Где пасутся в метелице
белые кони-березы,
где сосны позванивают медные
и крутятся, крутятся медленные
снежные мельницы,
поскрипывая на морозе.
Там дым коромыслом
и бабы идут с коромыслами
к проруби.
Живут не по числам —
с просторными мыслями,
одеты в тулупы, как в теплые коробы.
А к вечеру – ветер.

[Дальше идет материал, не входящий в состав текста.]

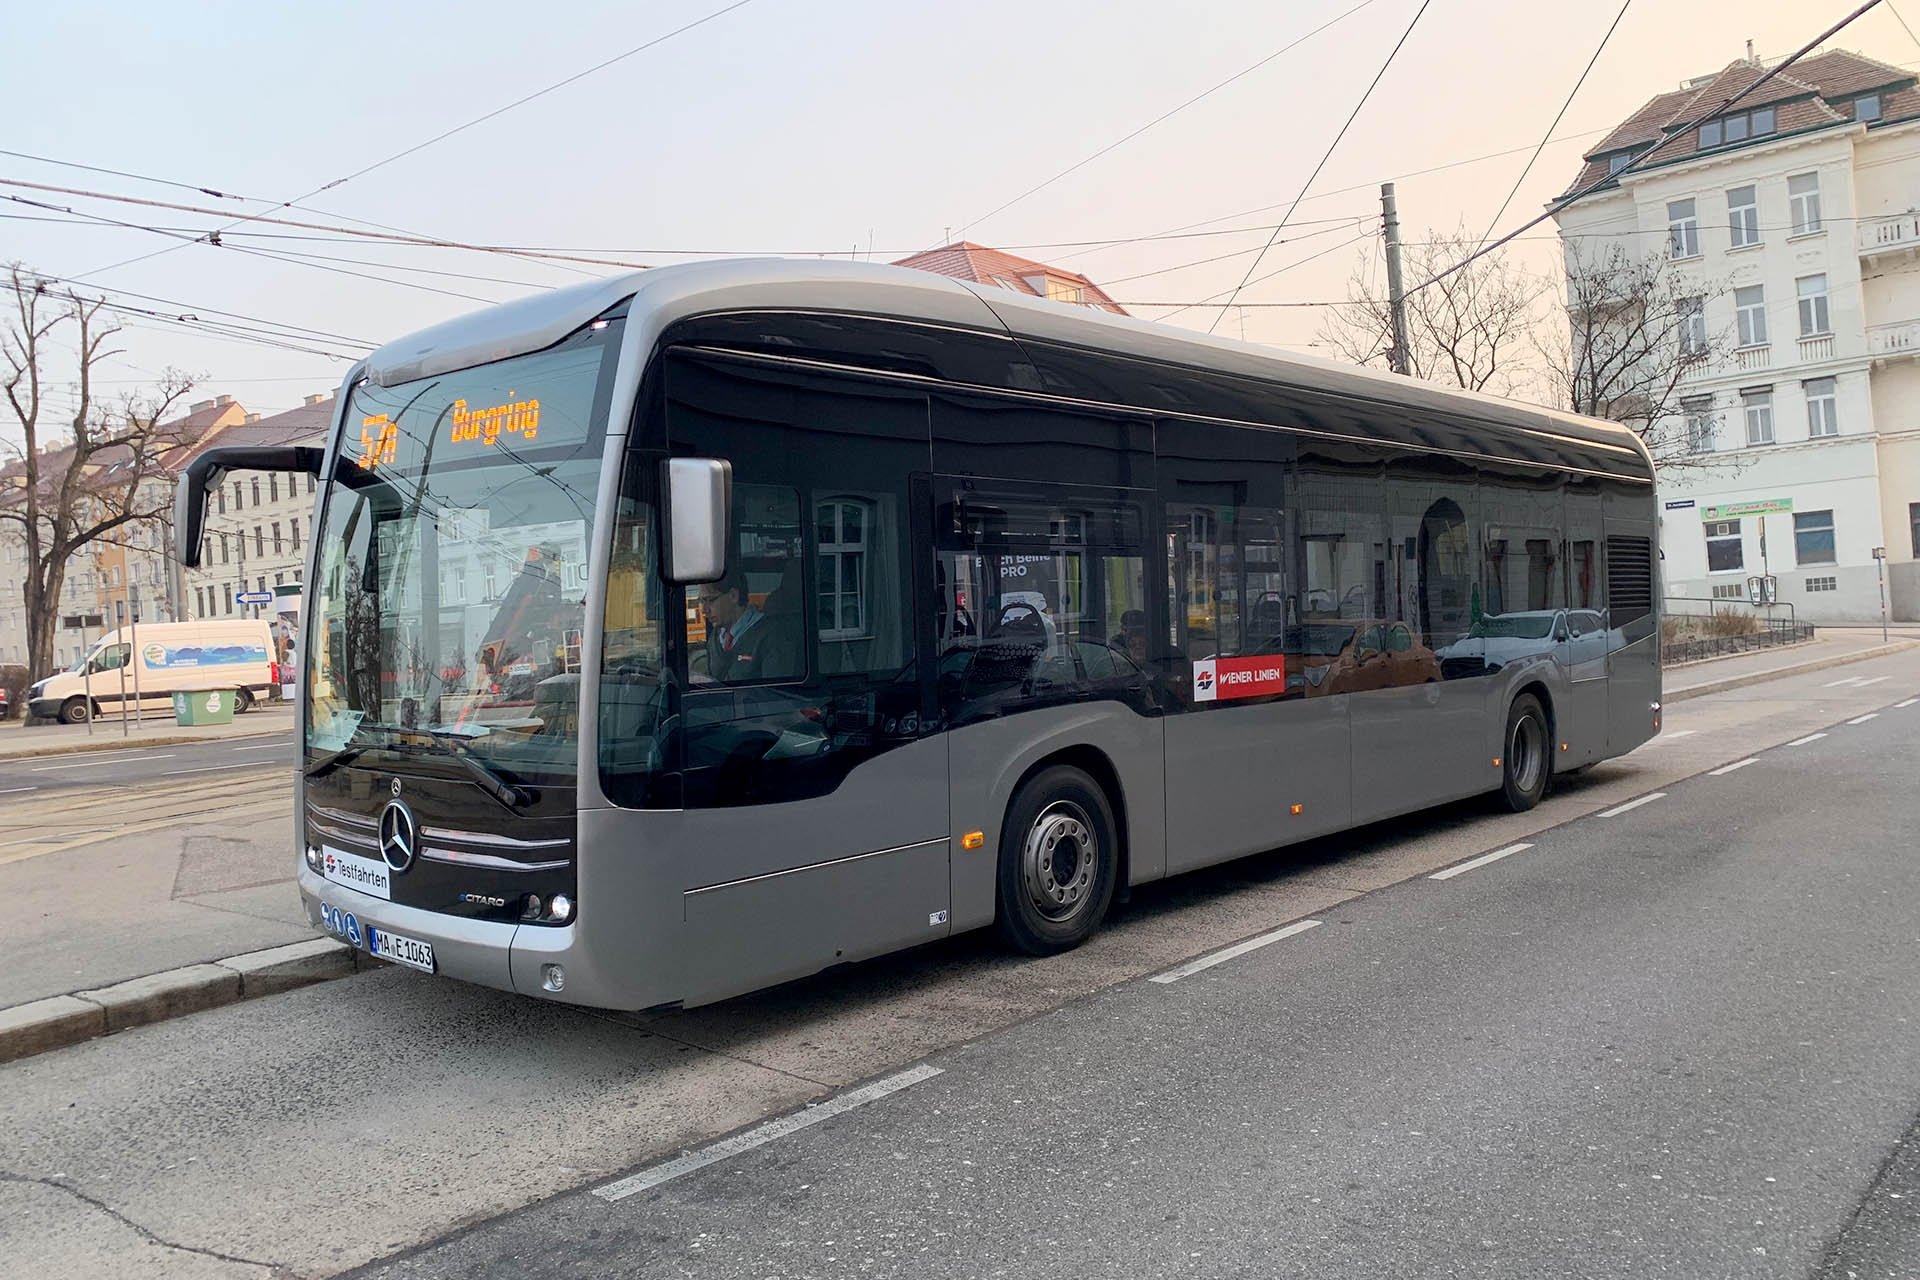 https://public-transport.net/bus/Wien_Bus/Testbusse/eCitaro/slides/IMG_0796.jpg

И снежные стружки,
как из-под рубанка,
летят из-под полоза.
Эх, пить бы мне зиму
из глиняной кружки,
как молоко, принесенное с холода!
Не всем же в столице!
Не всем же молиться
на улицы, на магазины,
на праздничные базары…
Уехать куда-нибудь,
завалиться
на целую зиму
в белый городишко, белый и старый.
Там ведь тоже живут,
тоже думают,
пока ветры дуют,
по коже шоркая мерзлым рукавом,
там ведь тоже радуются и негодуют,
тоже о любви заводят разговор.
Там ведь тоже с войны не приехали…
А уже ночь – колючая, зимняя,
поздняя.
Окликается эхами.
Ночь, как елка, – почти что синяя,
с голубыми свечками-звездами.
Как вдруг затоскую по снегу, по свету,
по первому следу,
по хрупкому, узкому.
Наверное нужно поэту
однажды уехать. Уеду
в какую-то область – в Рязанскую, в Тульскую.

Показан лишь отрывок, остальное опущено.